It is doubtful if any man, in his own lifetime, ever exerted so great an influence upon the social beliefs of his fellow-beings as did Edward Bellamy. Marx, at the time of his death, had won but slight recognition from the mass; and though his influence in the progressive struggle has become paramount, it is through his interpreters, and not in his own voice, that he speaks to the multitude. But Bellamy spoke simply and directly; his imagination conceived, and his art pictured, the framework of the future in such clear and bold outlines that the commonest mind could understand and appreciate.

The plot of Looking Backward seems a bit pedestrian for science fiction. The protagonist, Julian West, is a Rip Van Winkle character who falls into a deep hypnotic sleep at the end of the 19th century and awakens in the year 2000. When he wakes, he encounters a good-natured fellow, Doctor Leete, who serves as his guide through the socialist utopia that awaited America. Capitalism has been interred and replaced with a new cooperative system in which all Americans are conscripted into industrial armies. For-profit business has been done away with as all forms of production have been nationalized and subsumed into the Great Trust. “When the nation became the sole employer,” explains Dr. Leete, “all the citizens, by virtue of their citizenship, became employees, to be distributed according to the needs of industry.”

At 21, every student joins an industrial army for three years of training as a common laborer. When that’s over, if his grades and job performance are adequate, he chooses a profession or trade. Whichever path he picks, the pay will be the same. Women are treated similarly, but their industrial army focuses on vocations best suited for the fairer sex. When women marry, they keep working. But when they get pregnant they have generous maternity leave to raise the next generation of laborers. Everybody retires from active service at 45, when the good life really begins. 

Bellamy had a gift for predicting technological developments—he foresaw airplanes, submarines, radios, and television. But his most interesting prediction was the introduction of “credit cards” (his term), which he thought would eliminate all of the evils associated with money.  “A credit corresponding to his share of the annual product of the nation is given to every citizen on the public books at the beginning of each year, and a credit card issued him with which he procures at the public storehouses, found in every community, whatever he desires whenever he desires it,” Leete explains to West. “This arrangement, you will see, totally obviates the necessity for business transactions of any sort between individuals and consumers.”

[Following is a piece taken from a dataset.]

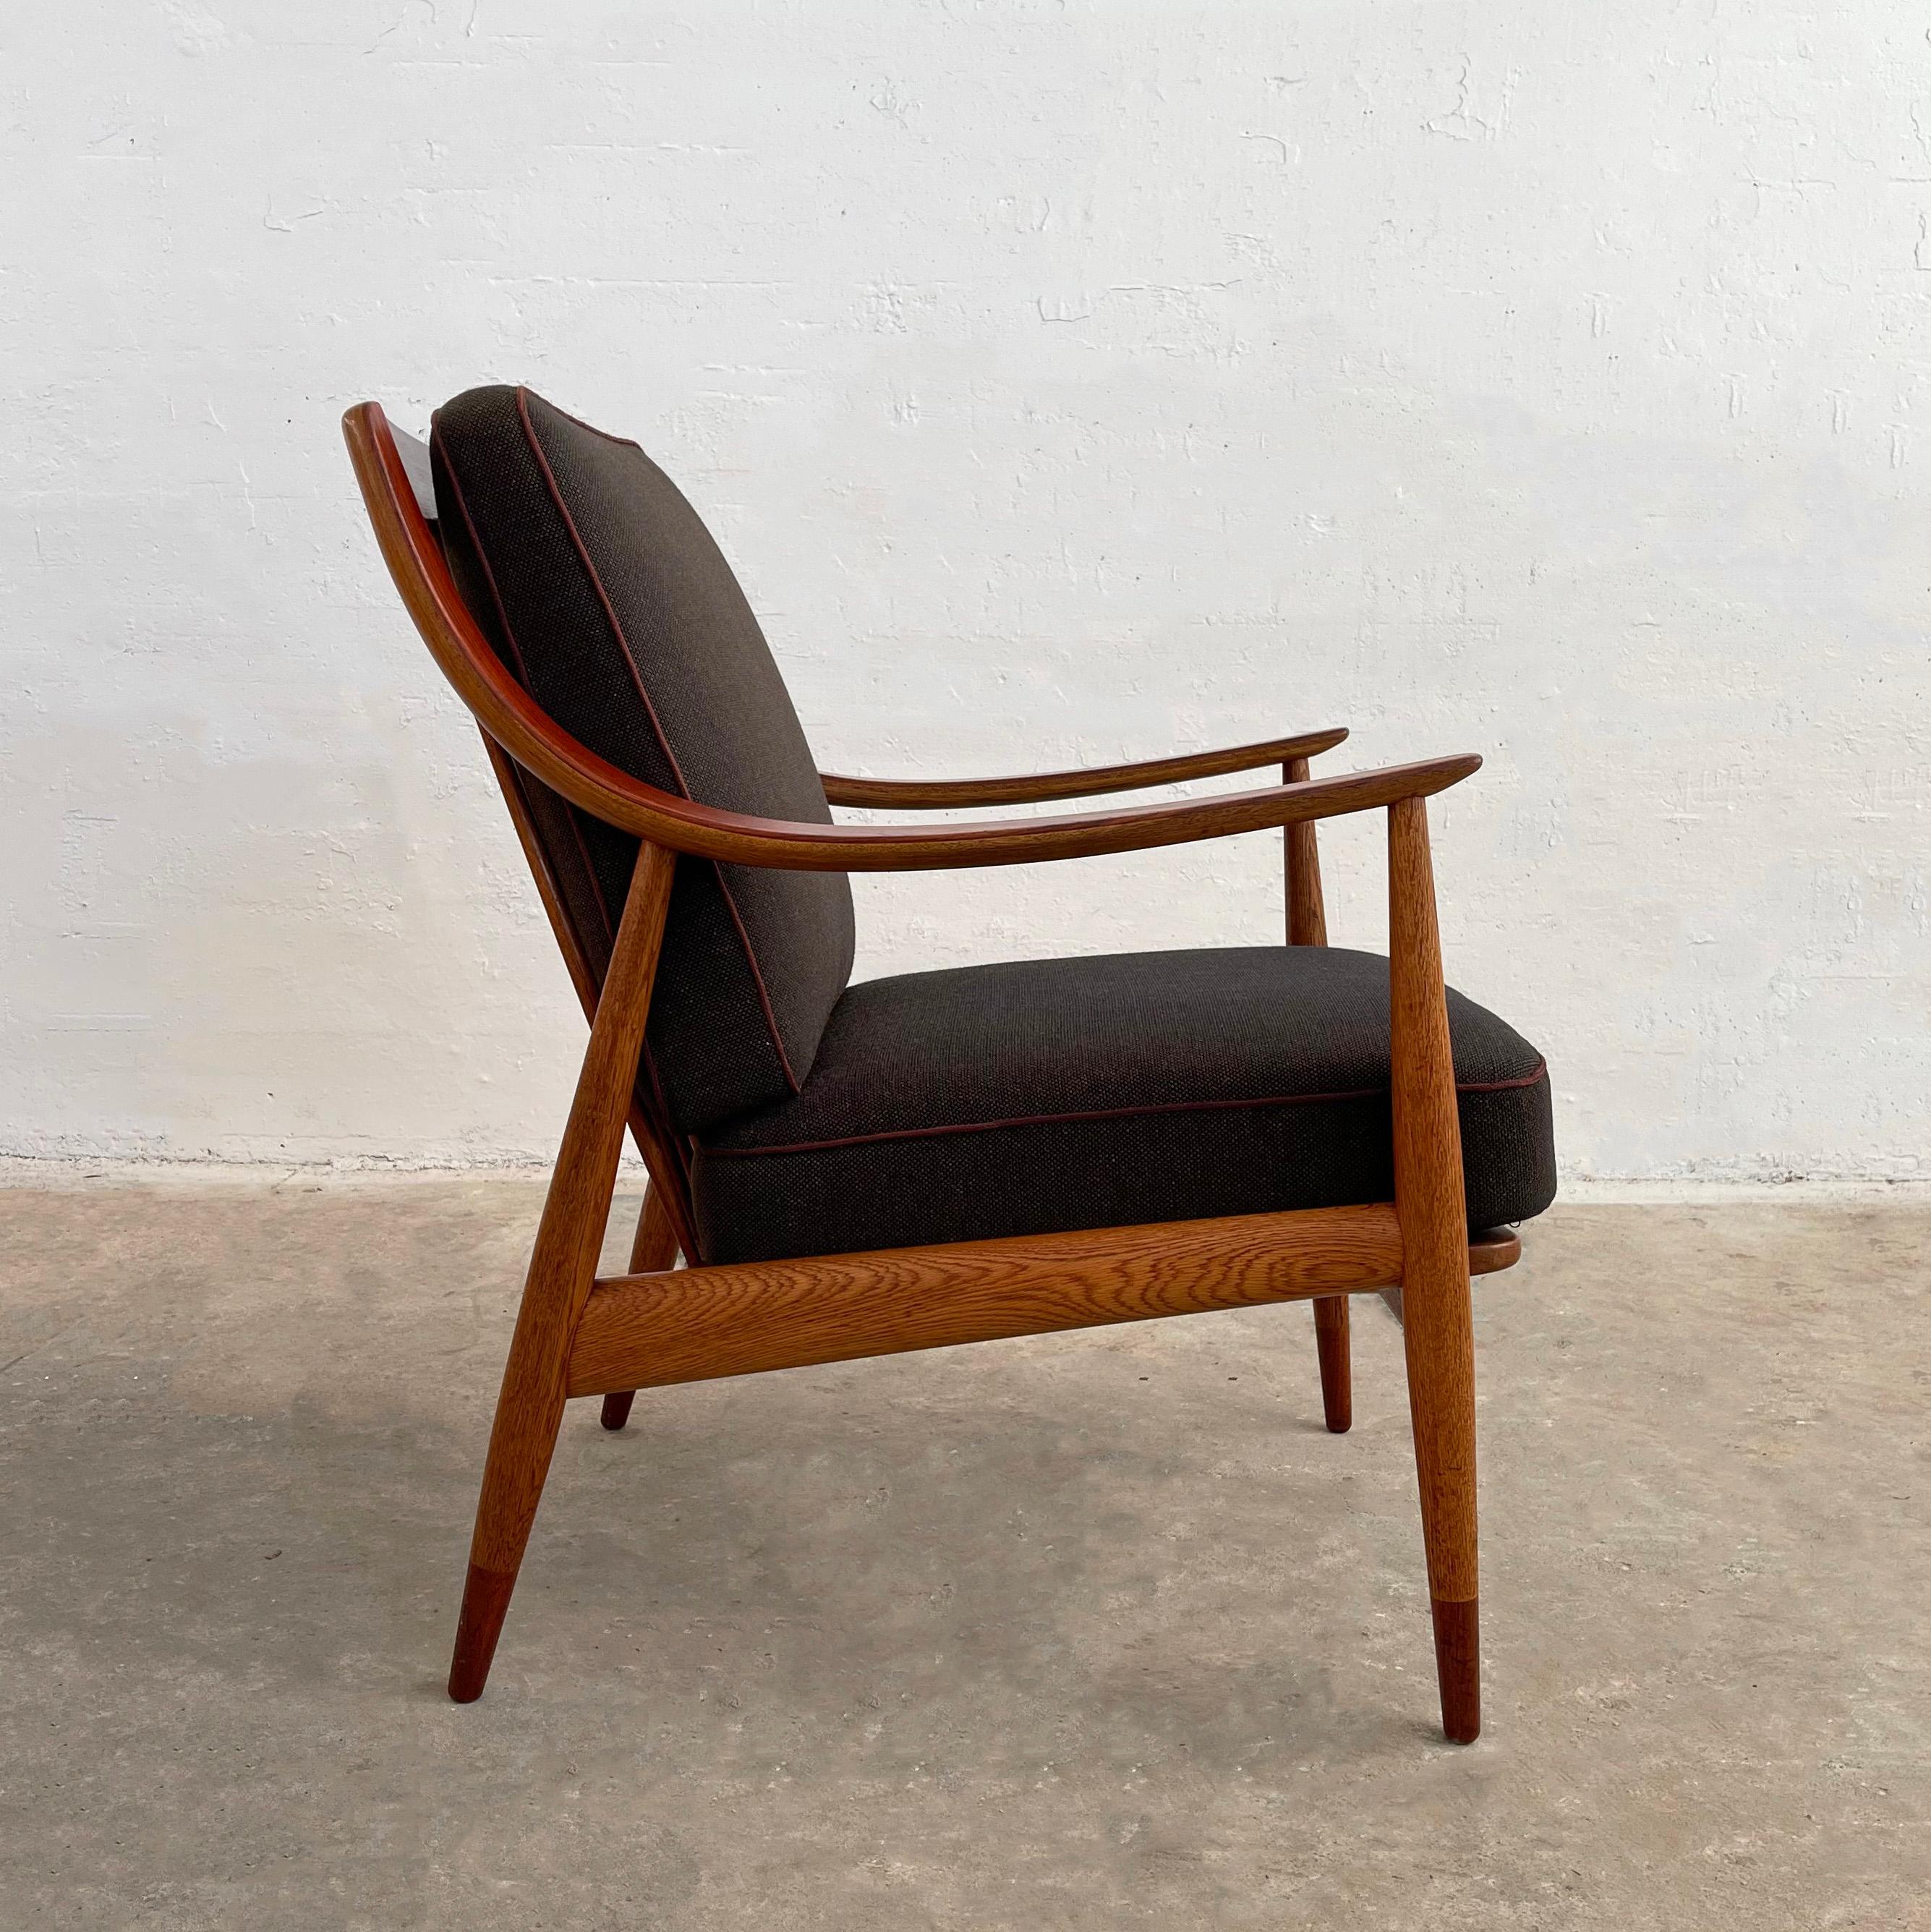 Scandinavian Modern Scoop Lounge Chair By Peter Hvidt And Orla Molgaard-Nielsen In Good Condition For Sale In Brooklyn, NY

Of course, in the real world, credit cards fell a bit short of this utopian ideal.   

The overriding idea of Looking Backward—and Bellamy’s subsequent writings—was that cooperation and social solidarity should replace the dog-eat-dog individualism of capitalism. For Bellamy the umbrella is an acute symbol of such atomism. “The private umbrella is father’s favorite figure to illustrate the old way when everybody lived for himself and his family,” Leete’s daughter, Edith, explains. “There is a nineteenth century painting at the Art Gallery representing a crowd of people in the rain, each one holding his umbrella over himself and his wife, and giving his neighbors the drippings, which he claims must have been meant by the artist as a satire on his times.”

In the year 2000, whenever it rains, giant awnings extend over the streets keeping everyone, rich and poor alike—if there were still rich and poor—equally dry. 

The birth of a movement

Whether this sounds like a quaintly naïve yarn or a somewhat sinister vision of totalitarianism, that’s not how many received it. While initial sales were unimpressive, Looking Backward caught on in Boston and was rereleased under a new publisher—Houghton Mifflin—at which point it began to take off.  By the time Bellamy’s follow-up book, Equality, hit the stands in 1897, Looking Backward had sold more than  400,000 copies (some estimates put the number over 1 million); a staggering figure at a time when the U.S. population was about a fifth of what it is now. 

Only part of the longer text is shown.